CVE-2024-42230: PowerPC pseries kexec race fix and impact

A small timing bug in the Linux kernel’s PowerPC pseries kexec path — tracked as CVE-2024-42230 — can cause a deterministic kernel crash during kexec on affected IBM Power systems, and upstream maintainers have changed the kexec sequence to prevent CPUs from executing the SCV instruction after AIL (reloc_on_exc) is disabled.

Background / Overview​

PowerPC’s pseries platform (used in IBM Power servers and LPAR virtualized guests) implements several architecture-specific mechanisms for transitioning between privilege levels and for rebooting into a different kernel image using kexec.

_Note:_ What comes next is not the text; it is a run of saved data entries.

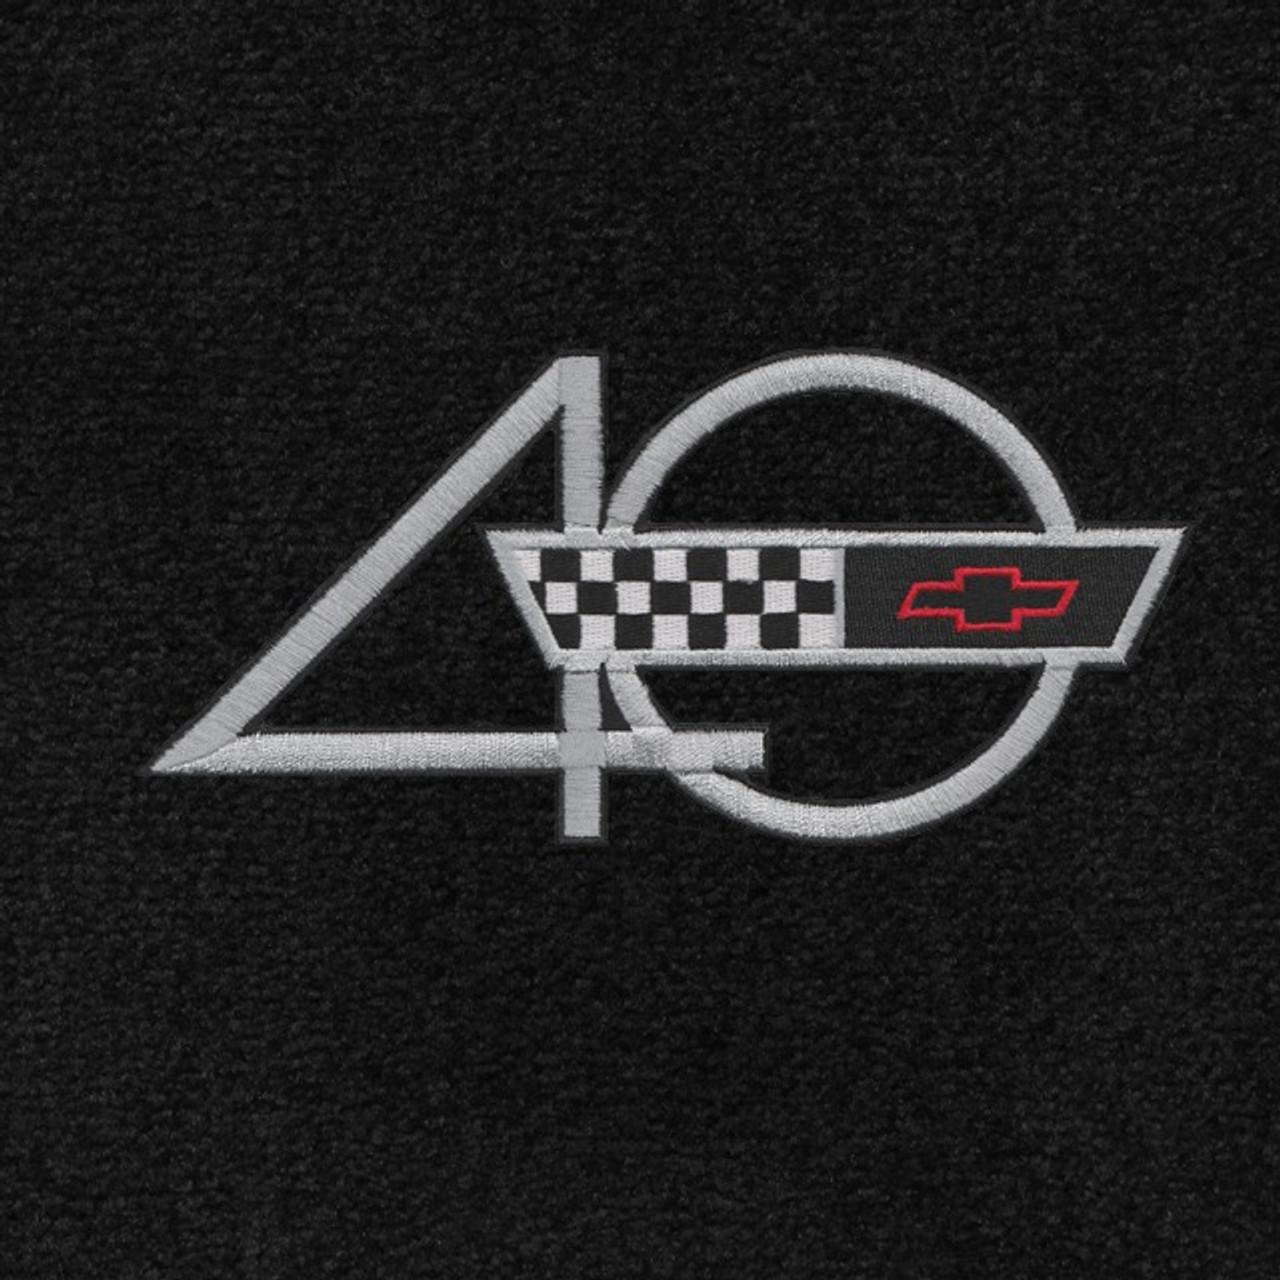 C4 Corvette 40th Anniversary Logo (93)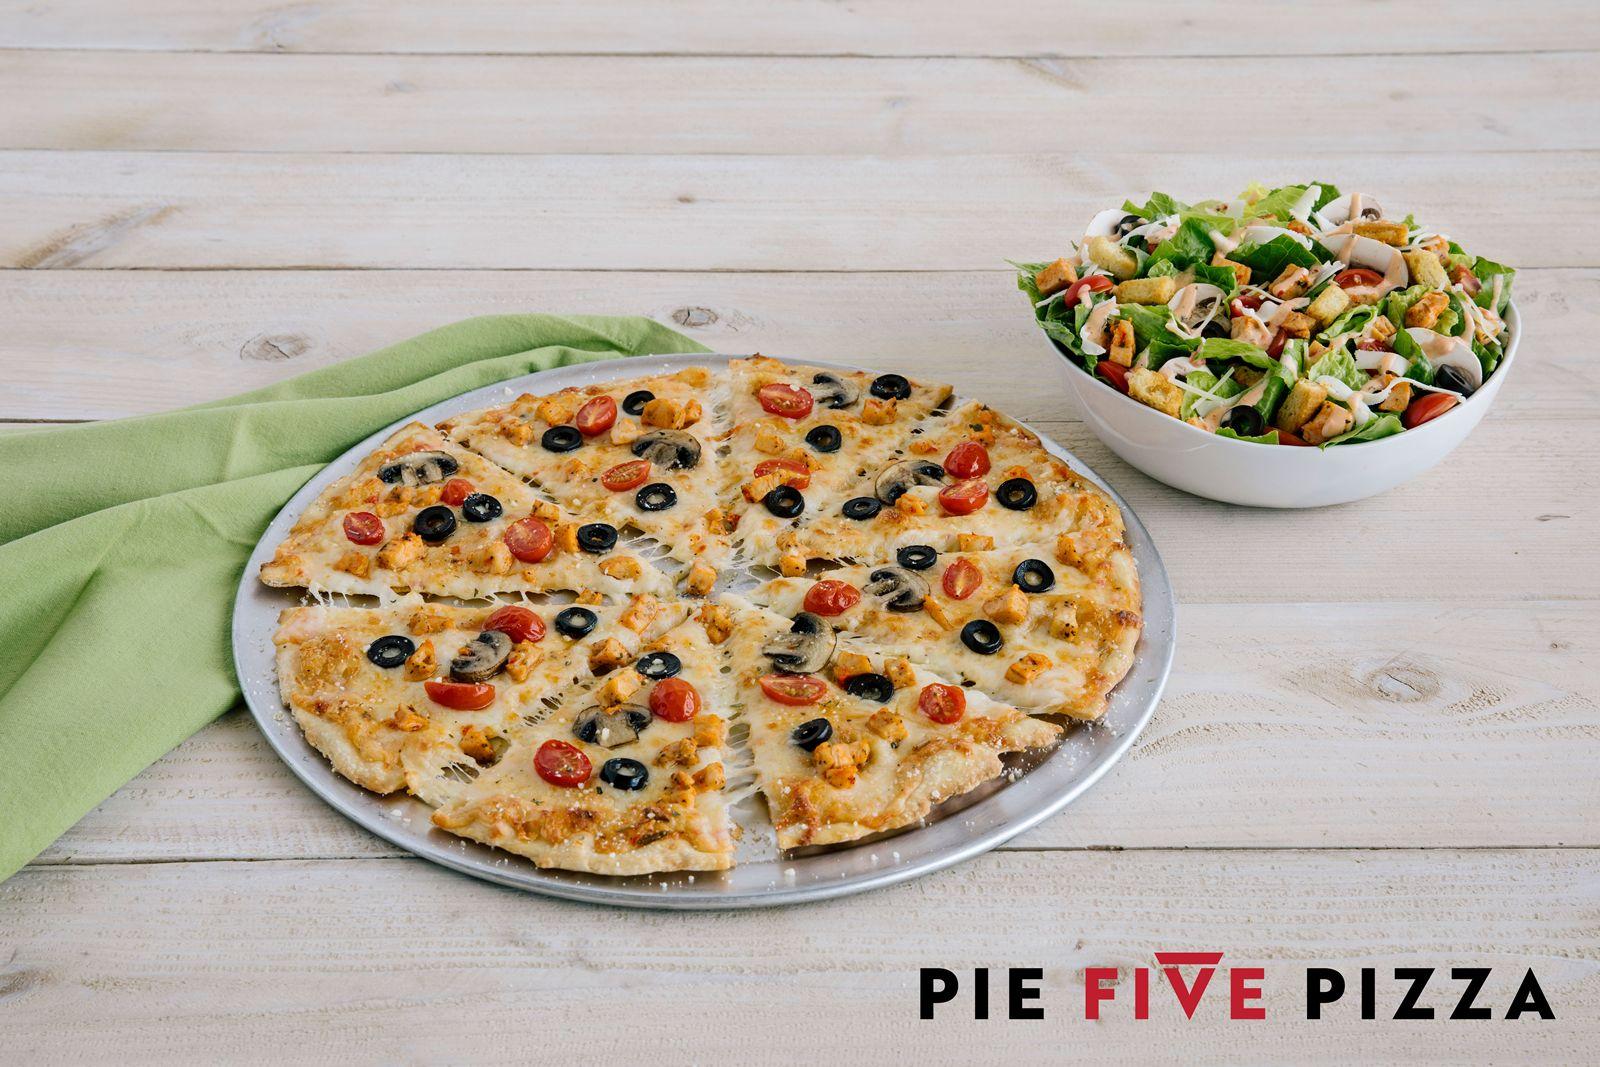 Next Stop on Pie Five's Pizza Passport Sweepstakes: Italian Chicken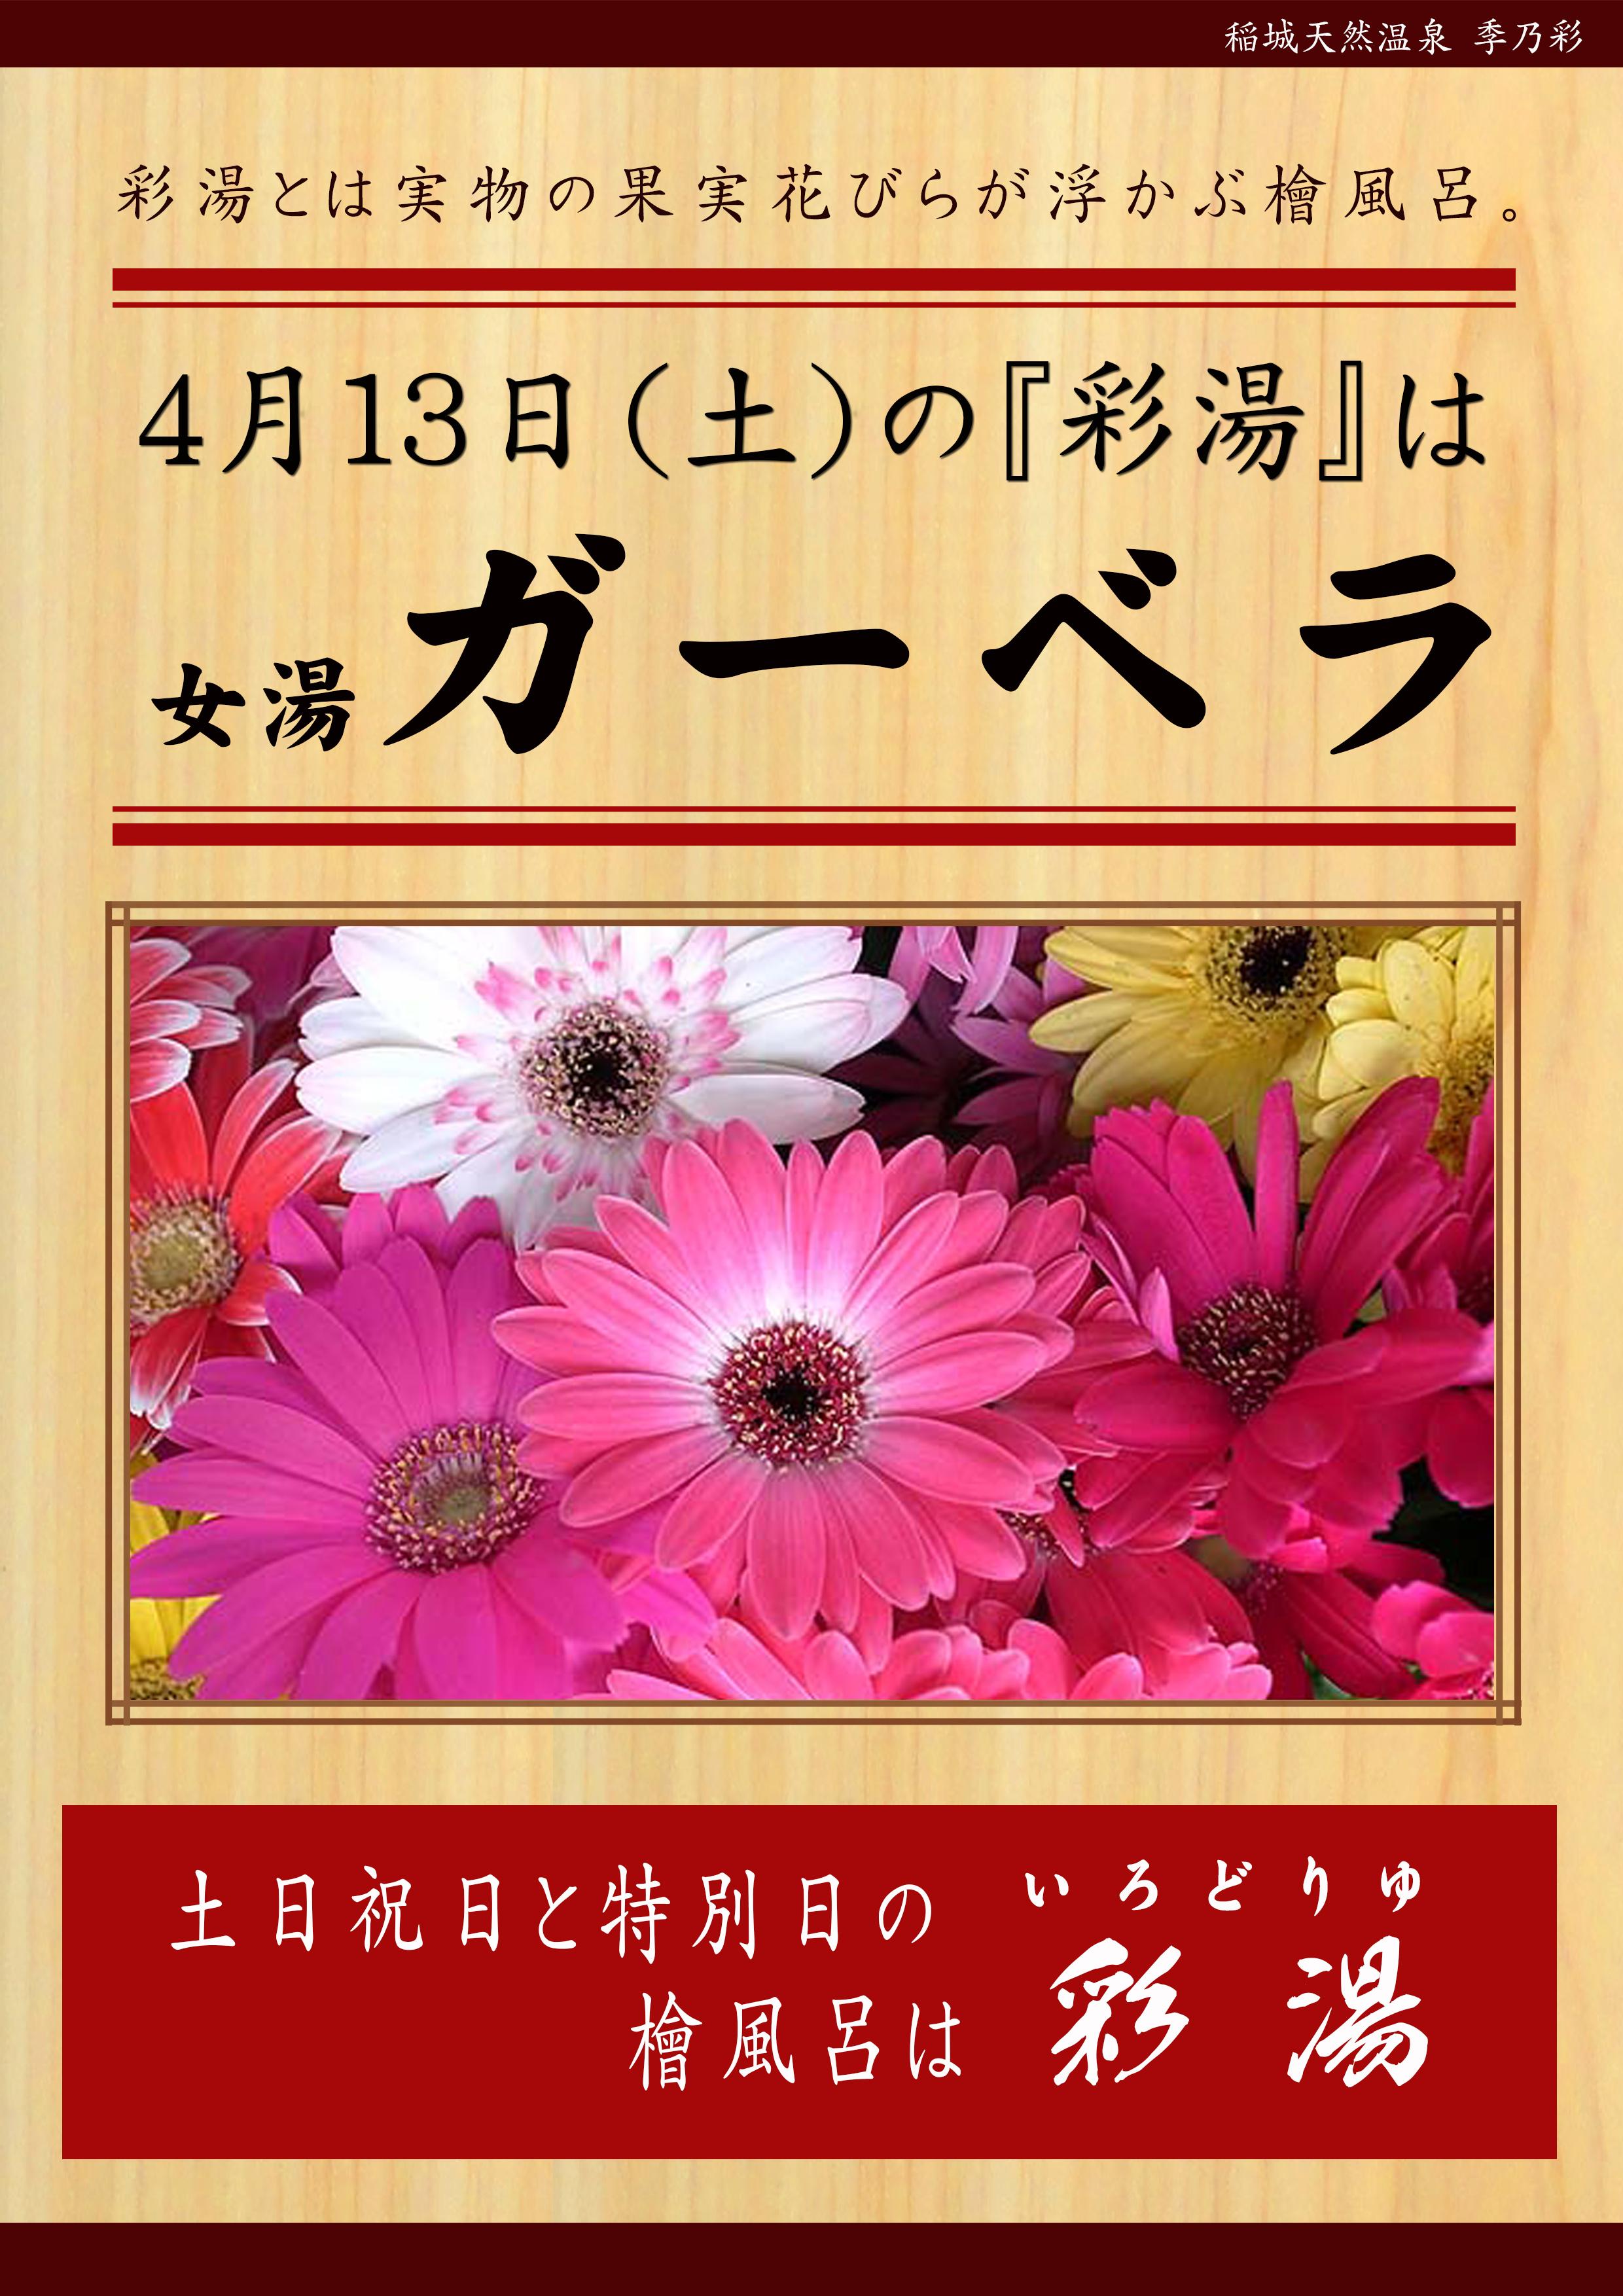 20190413POP イベント 彩湯 女湯 ガーベラ

The problem fixed in CVE-2024-42230 arises from a subtle sequencing error in that kexec path: the kernel disabled the AIL (Address‑Independent Loading / reloc_on_exc) mechanism too early — before all other CPUs had been halted — which left a window in which other CPUs could still execute the scv instruction. When scv executes without AIL in place, it causes an interrupt that lands at an unexpected (and unsupported) entry location in the kernel head code, producing an immediate kernel crash.
This is an availability-first issue: confidentiality and integrity are not affected by the bug itself, but the kernel crash leads to a denial-of-service condition for the host or guest. The public tracking databases record a CVSS v3.1 base score in the mid‑range (4.4), reflecting a combination of limited attack surface (local/adjacent) and high availability impact where the bug is reachable.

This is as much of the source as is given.